Haneul Ajumma pun menatap dan membelai wajah
Jihyeon dengan lembut.
“Jihyeon-a, Eomma pulang dulu. Nanti Eomma akan kembali lagi. Akan Eomma bawakan pancake pisang kesukaanmu. Sekarang di sini ada Jinki yang akan
menemani dan menjagamu selama Eomma
pulang ke rumah,” tanpa bisa di tahan lagi, perlahan cairan bening itupun
menuruni pipi Haneul Ajumma.
“Jinki-ya, jaga
Jihyeon baik-baik,” ujar Haneul Ajumma
seraya menatap Jinki.
“Ne, Ajumma… Percayalah padaku,” sahut Jinki.
Haneul Ajumma pun meraih tasnya dan segera
keluar dari ruangan tempat Jihyeon di rawat. Kini hanya ada Jinki dan Jihyeon
yang masih tertidur di dalam ruangan itu. Jinki pun duduk di kursi yang berada
di samping tempat Jihyeon terbaring lemah tak berdaya itu. Jinki menggenggam
tangan kiri Jihyeon yang terasa dingin itu.
“Kapan kau akan
bangun? Apa kau sedang bermimpi indah hingga kau tak mau terbangun? Bangunlah.

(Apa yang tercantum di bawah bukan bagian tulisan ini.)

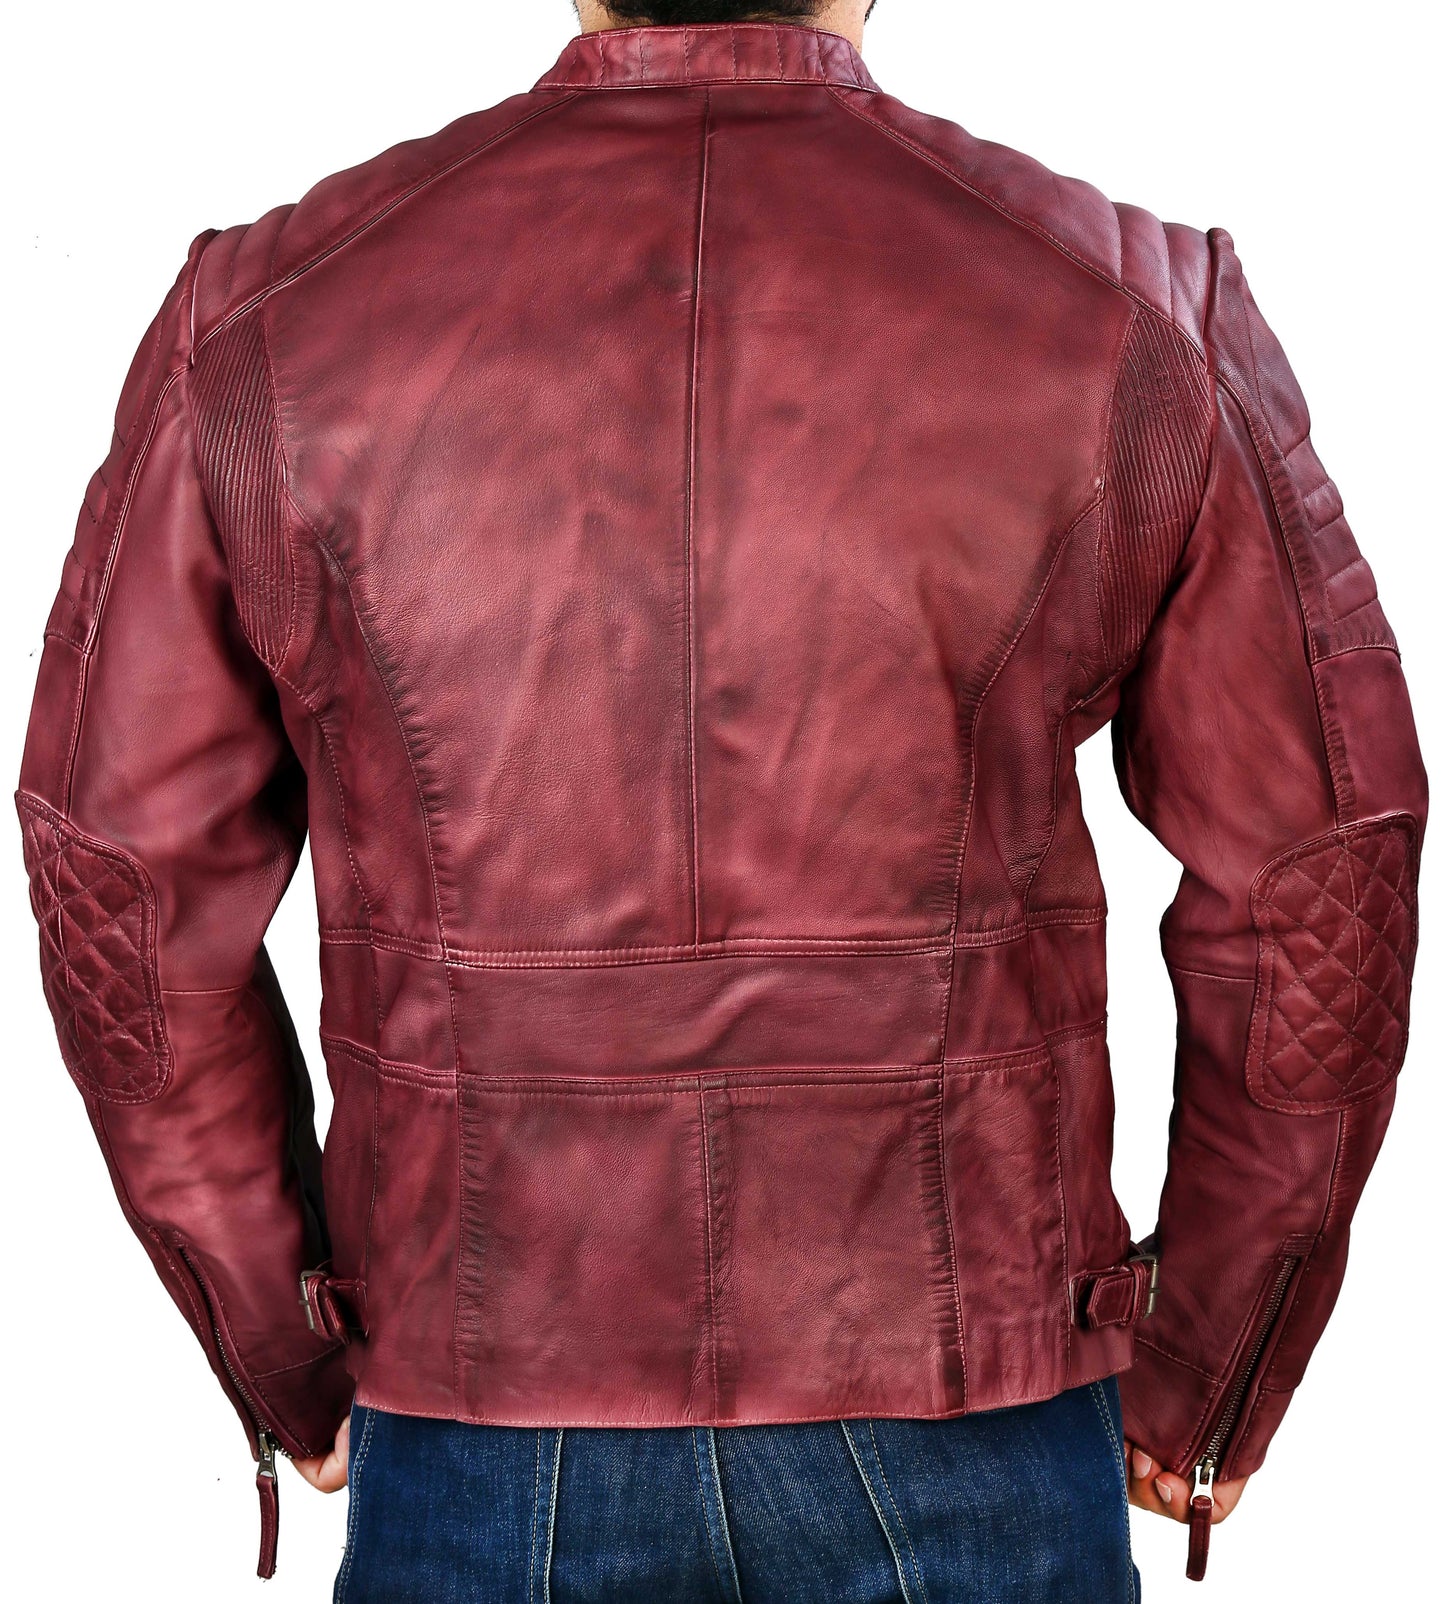 Men's Elite Herran Biker Motorcycle  Distressed Maroon Leather Jacket

Bukalah matamu. Ku mohon. Aku merindukan untuk menatap manik matamu yang
berwarna cokelat itu. Bangun dan bukalah matamu dan aku ingin memelukmu,” ucap
Jinki.
Tidak ada respon dari
Jihyeon.
“Saranghaeyo…” Jinki mencium punggung tangan Jihyeon yang sedari
tadi ia genggam itu.
Jinki menatap wajah
Jihyeon yang terlihat sangat manis dan cantik di matanya itu. Ketika menatap
wajah Jihyeon, terbayang beberapa kenangannya bersama Jihyeon. Jinki tersenyum
kecil ketika memutar kembali kenangannya bersama Jihyeon itu. Namun bayangan
indah itu seketika lenyap ketika Jinki merasa tangan Jihyeon yang tengah ia
genggam itu bergerak.
“Jihyeon-a,” Jinki
terperanjat dan ada rasa senang dalam hatinya juga ada harapan besar bahwa itu
adalah pertanda bahwa Jihyeon akan bangun.
Secara perlahan,
Jihyeon mulai membuka matanya. Jihyeon telah terbangun dari tidur panjangnya.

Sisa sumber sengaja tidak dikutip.